The German government has drafted new banking rules aimed at reining in financial market excesses. The plan includes separating different bank activities, tougher penalties for executives and new liquidation rules.
The sweeping new rules were adopted by Chancellor Angela Merkel's conservative-led coalition government on Wednesday and are aimed at preventing the spread of financial trouble within the German banking system, as well as curbing excessive risk-taking in the banks.
Under the draft law, banks running high-risk trading operations valued at either 20 percent of their balance sheets or 100 billion euros ($135 billion) will be required to transfer those assets into legally and financially separate units. The aim was to shield customer deposits from the banks' riskier activities, including proprietary and high-frequency trading, the government said.
Moreover, executives who engage in reckless investment behavior threatening bank liquidity could face steep financial penalties or up to five years in prison.
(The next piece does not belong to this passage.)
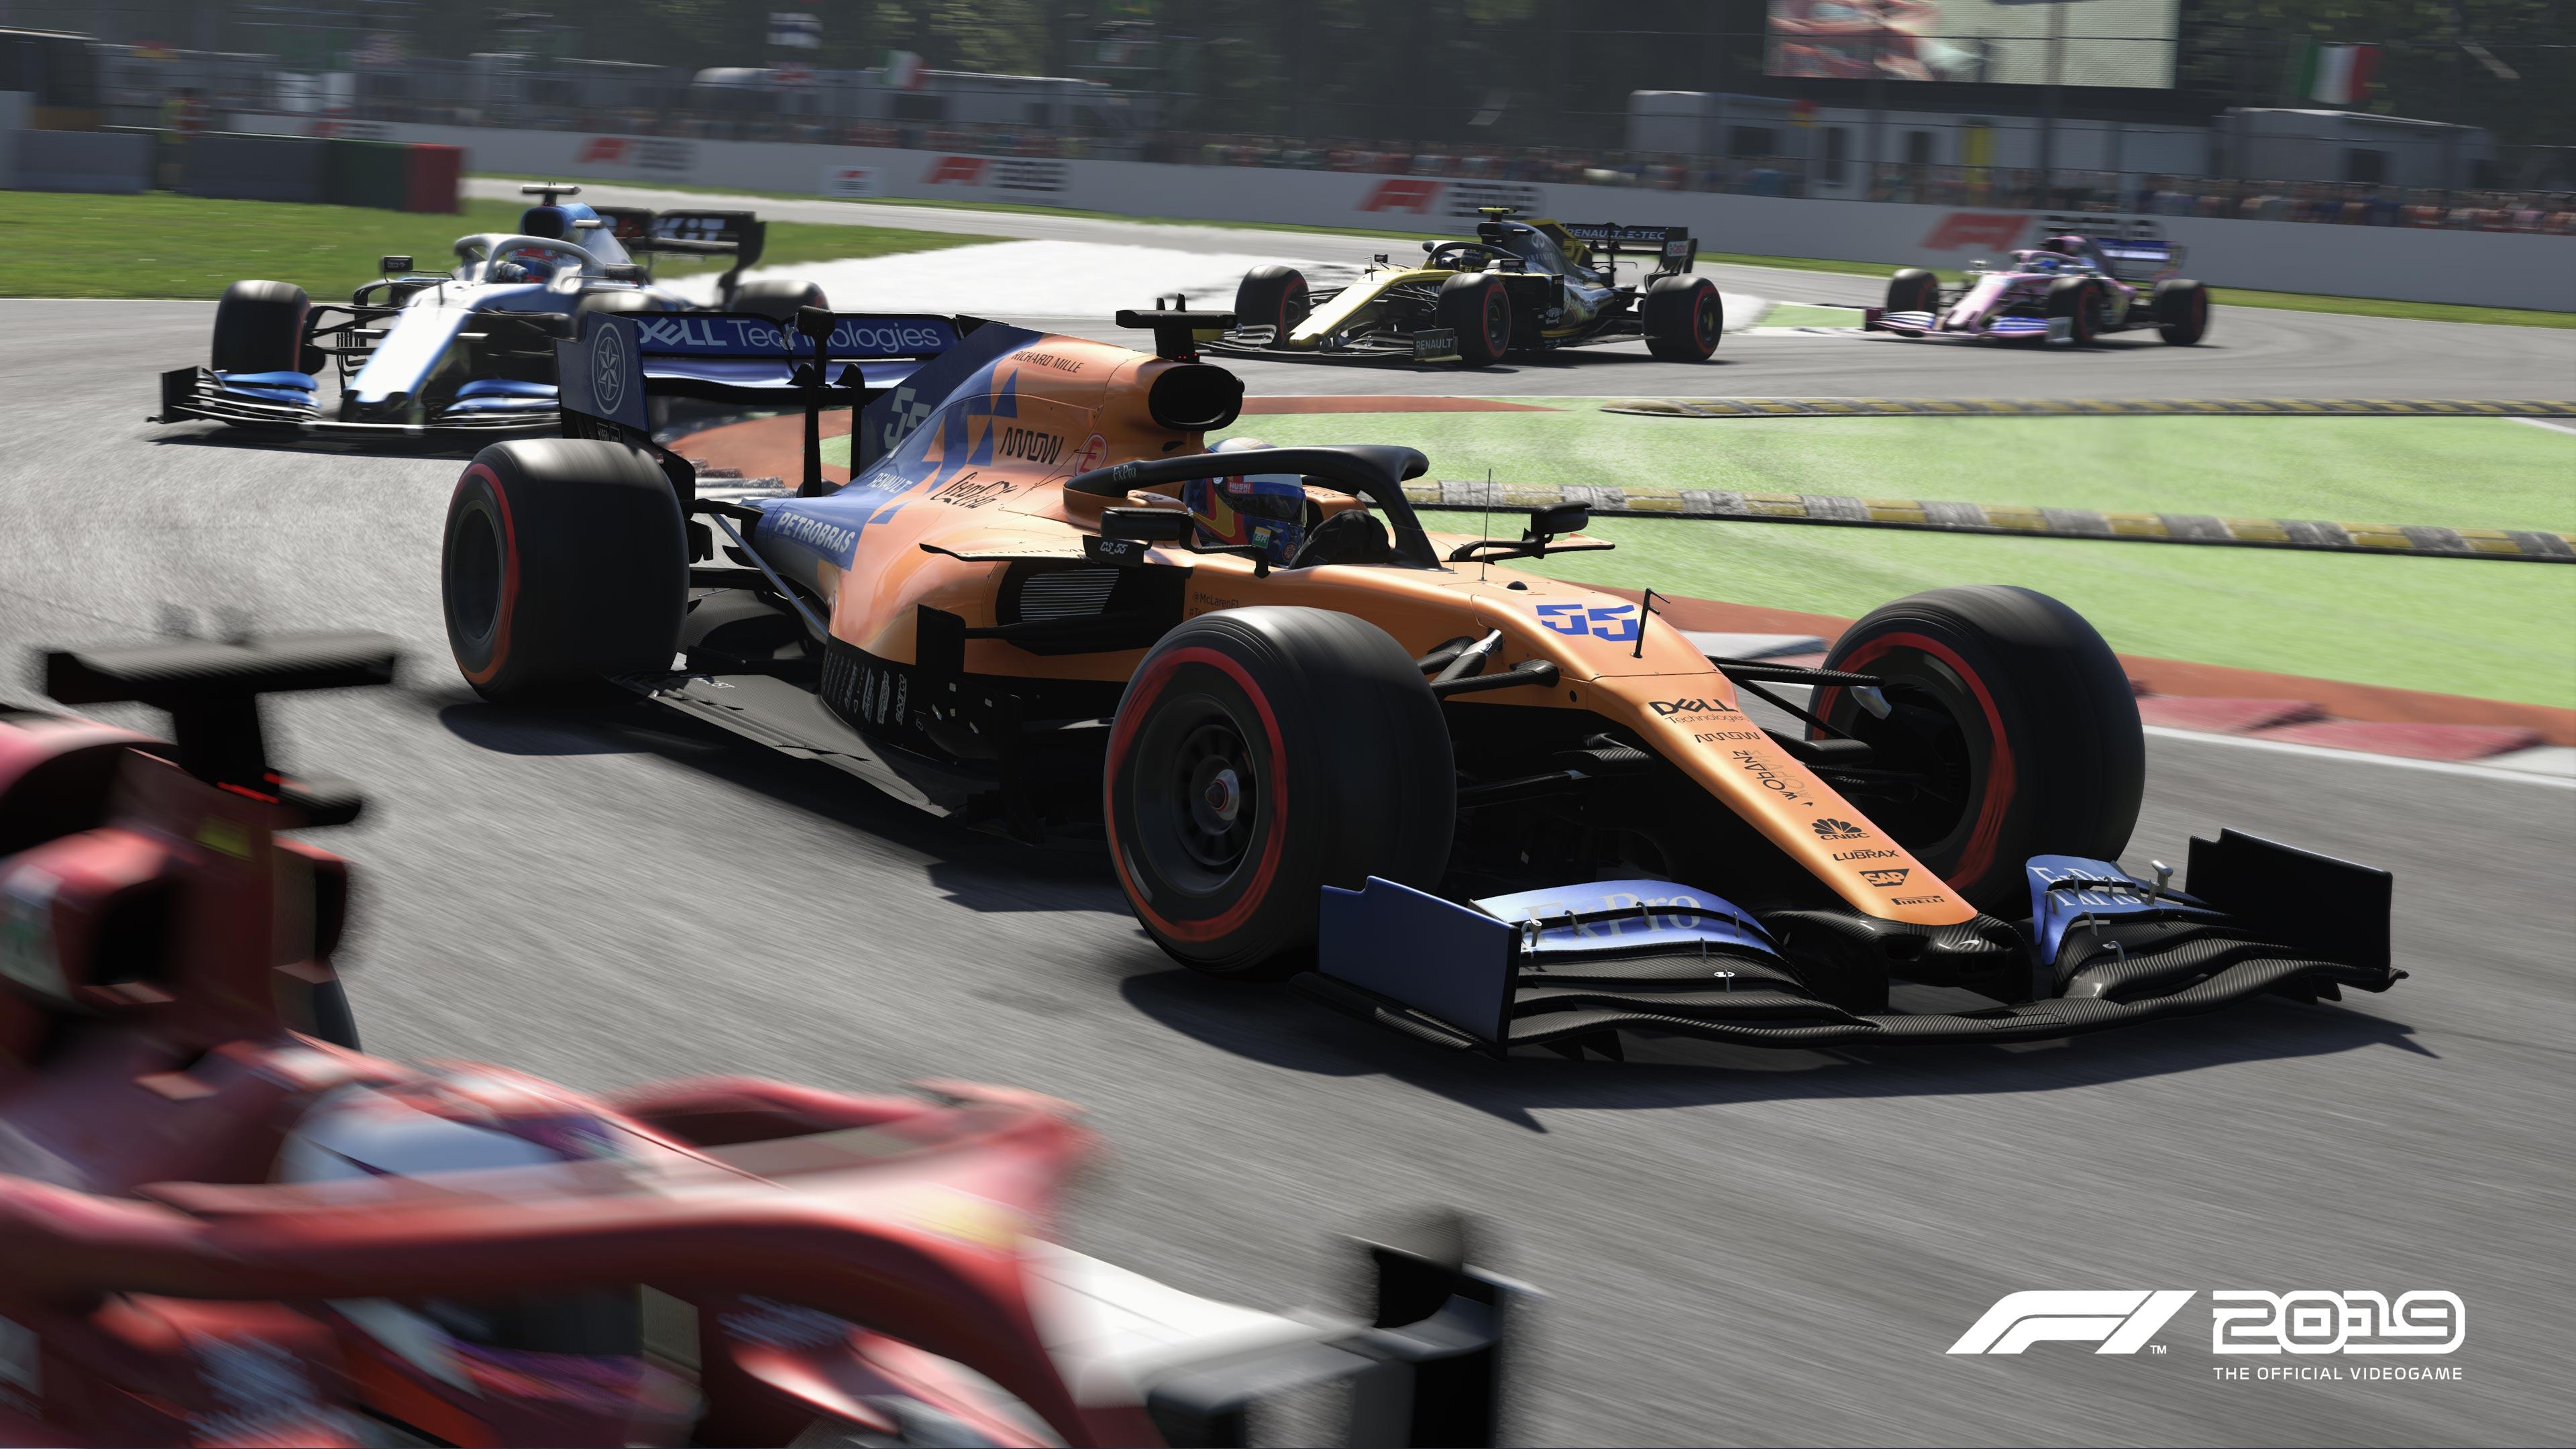 F1 2019 Codemasters Racing Ahead

The new legislation also requires banks to submit plans for restructuring and liquidation in case of financial trouble in an effort to shield the taxpayer from bailing out institutions presumed too big to fail.
The proposed rules are said to primarily affect Deutsche Bank, Commerzbank and Landesbank Baden Württemberg, which are Germany's biggest lenders, running large trading operations.
The draft bill will need to be approved by the lower house of parliament, where Germany's opposition parties have a majority. Leaders there said they would reject the draft as it doesn't go far enough to curb systemic risk in the banking sector.